WORK ORDER:
Could you retype the lines below, starting at the line holding "High Waist Skinny" and stopping at the line holding "save the date", inclusive? Copy them exactly and drop the images.

GIVEN RECORDS:
++++++++++
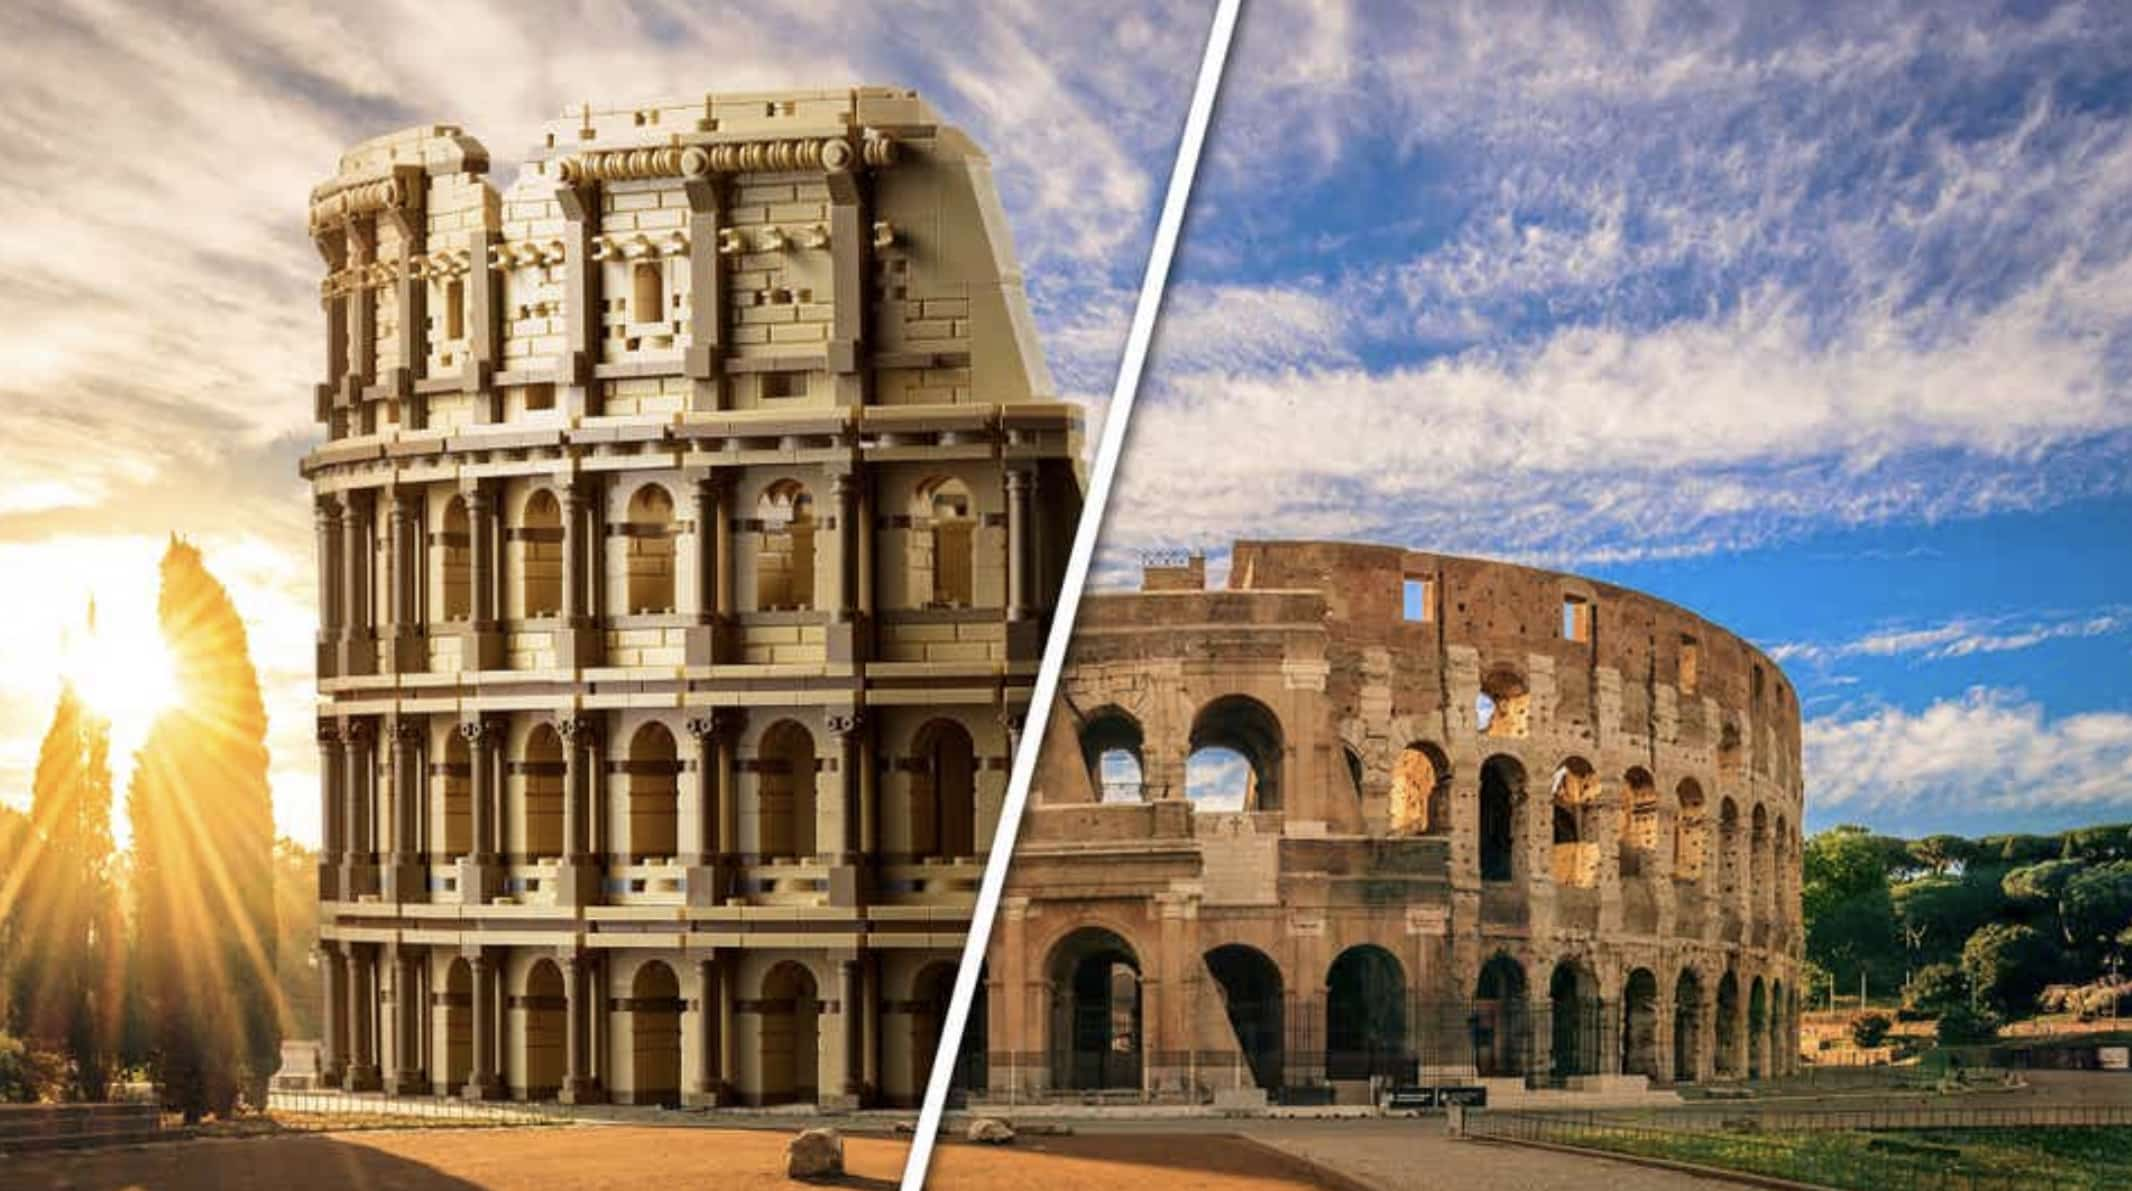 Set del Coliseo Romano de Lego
++++++++++
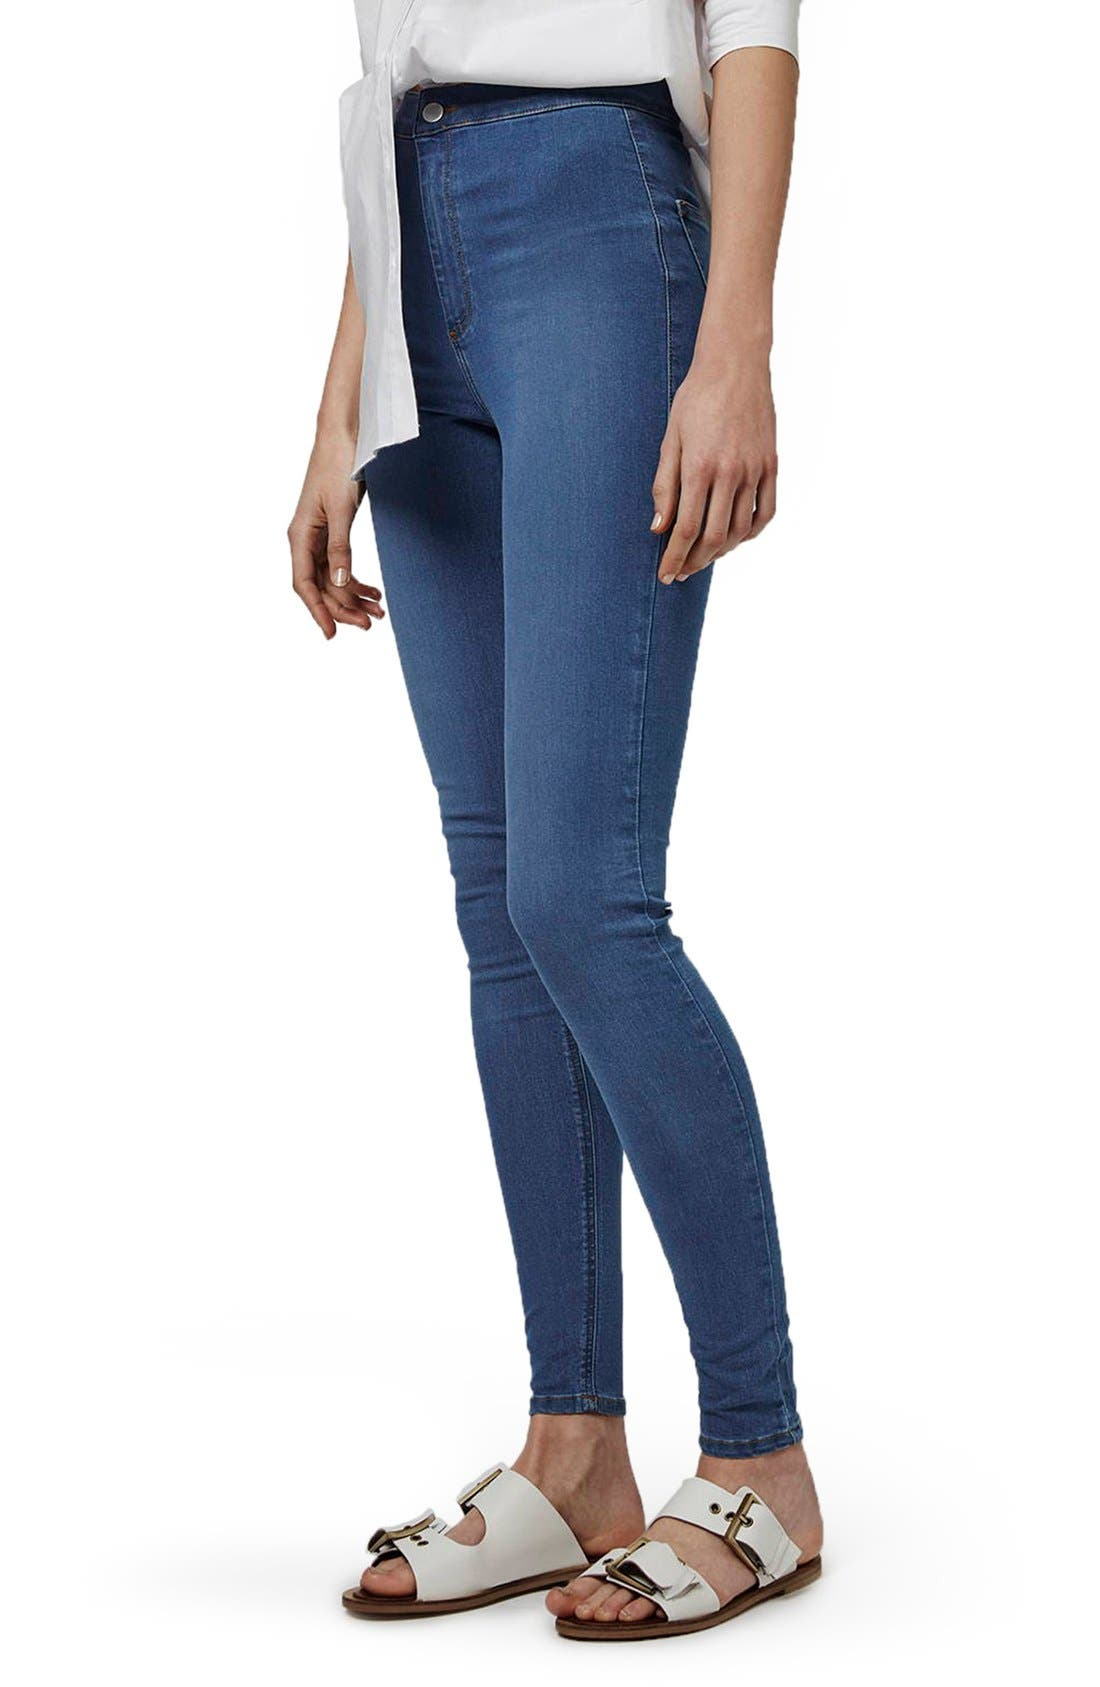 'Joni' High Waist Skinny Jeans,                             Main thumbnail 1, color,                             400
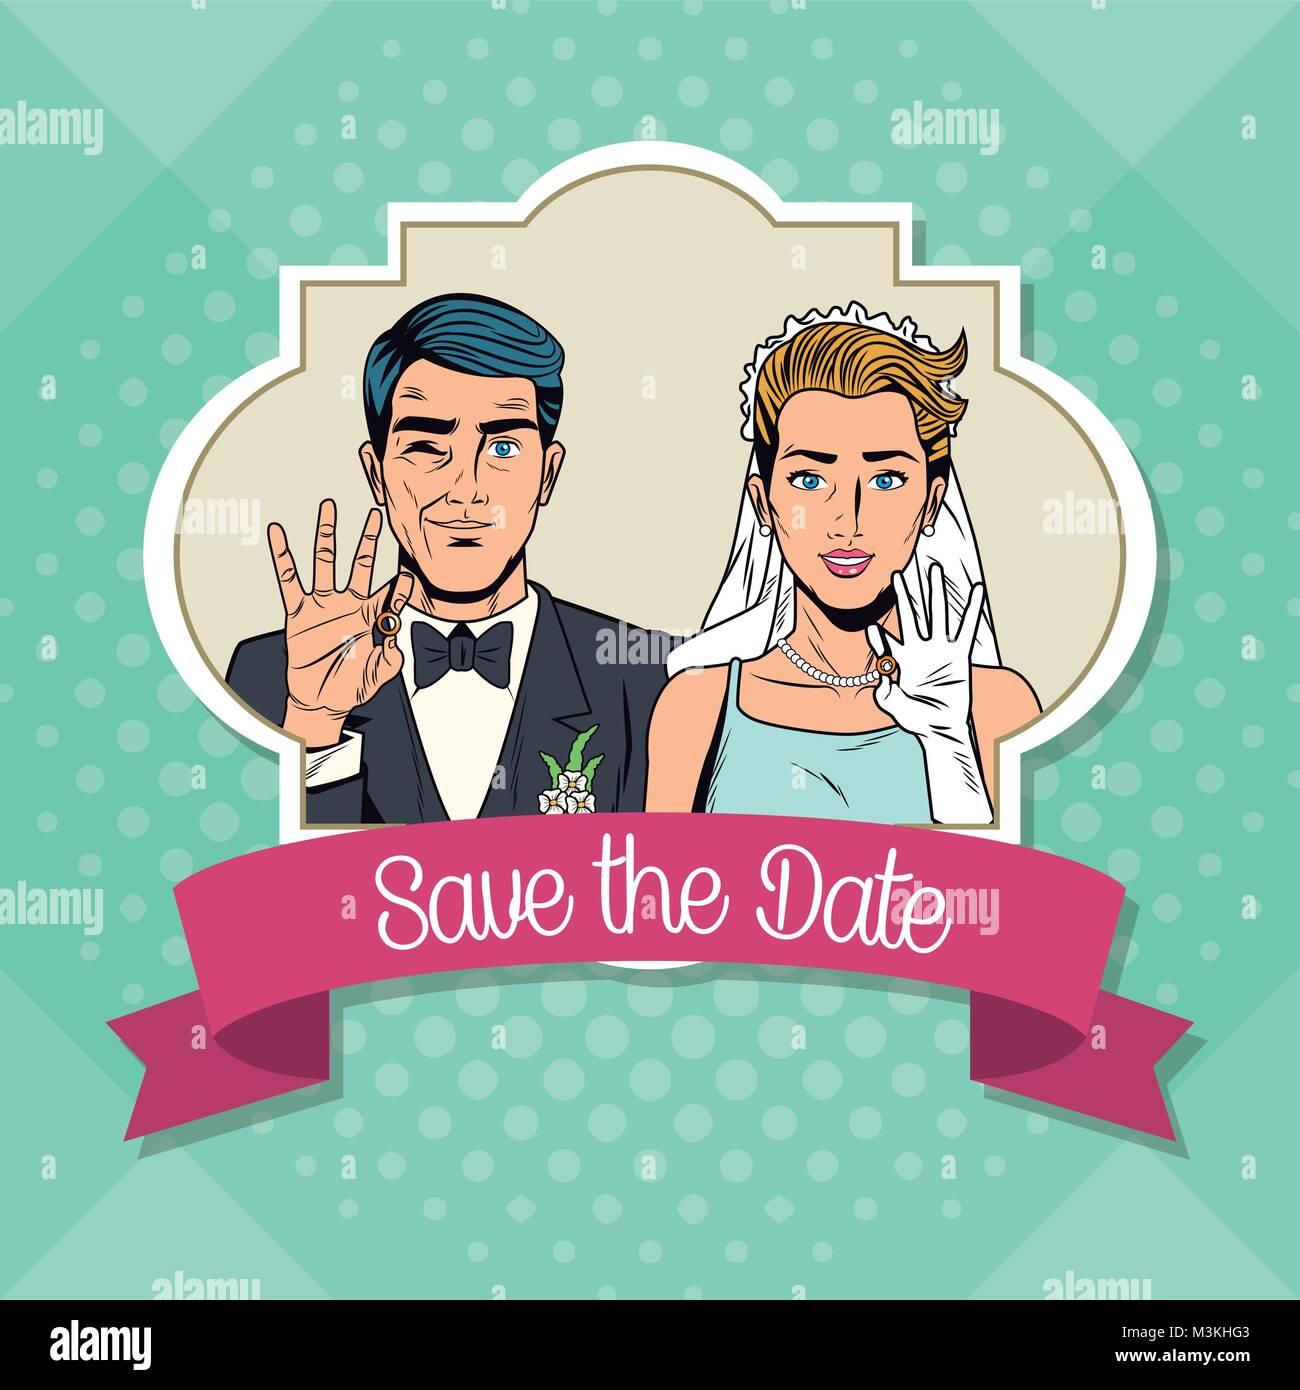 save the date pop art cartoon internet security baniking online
++++++++++
COMPLETED TASK:
 'Joni' High Waist Skinny Jeans,                             Main thumbnail 1, color,                             400
 save the date pop art cartoon internet security baniking online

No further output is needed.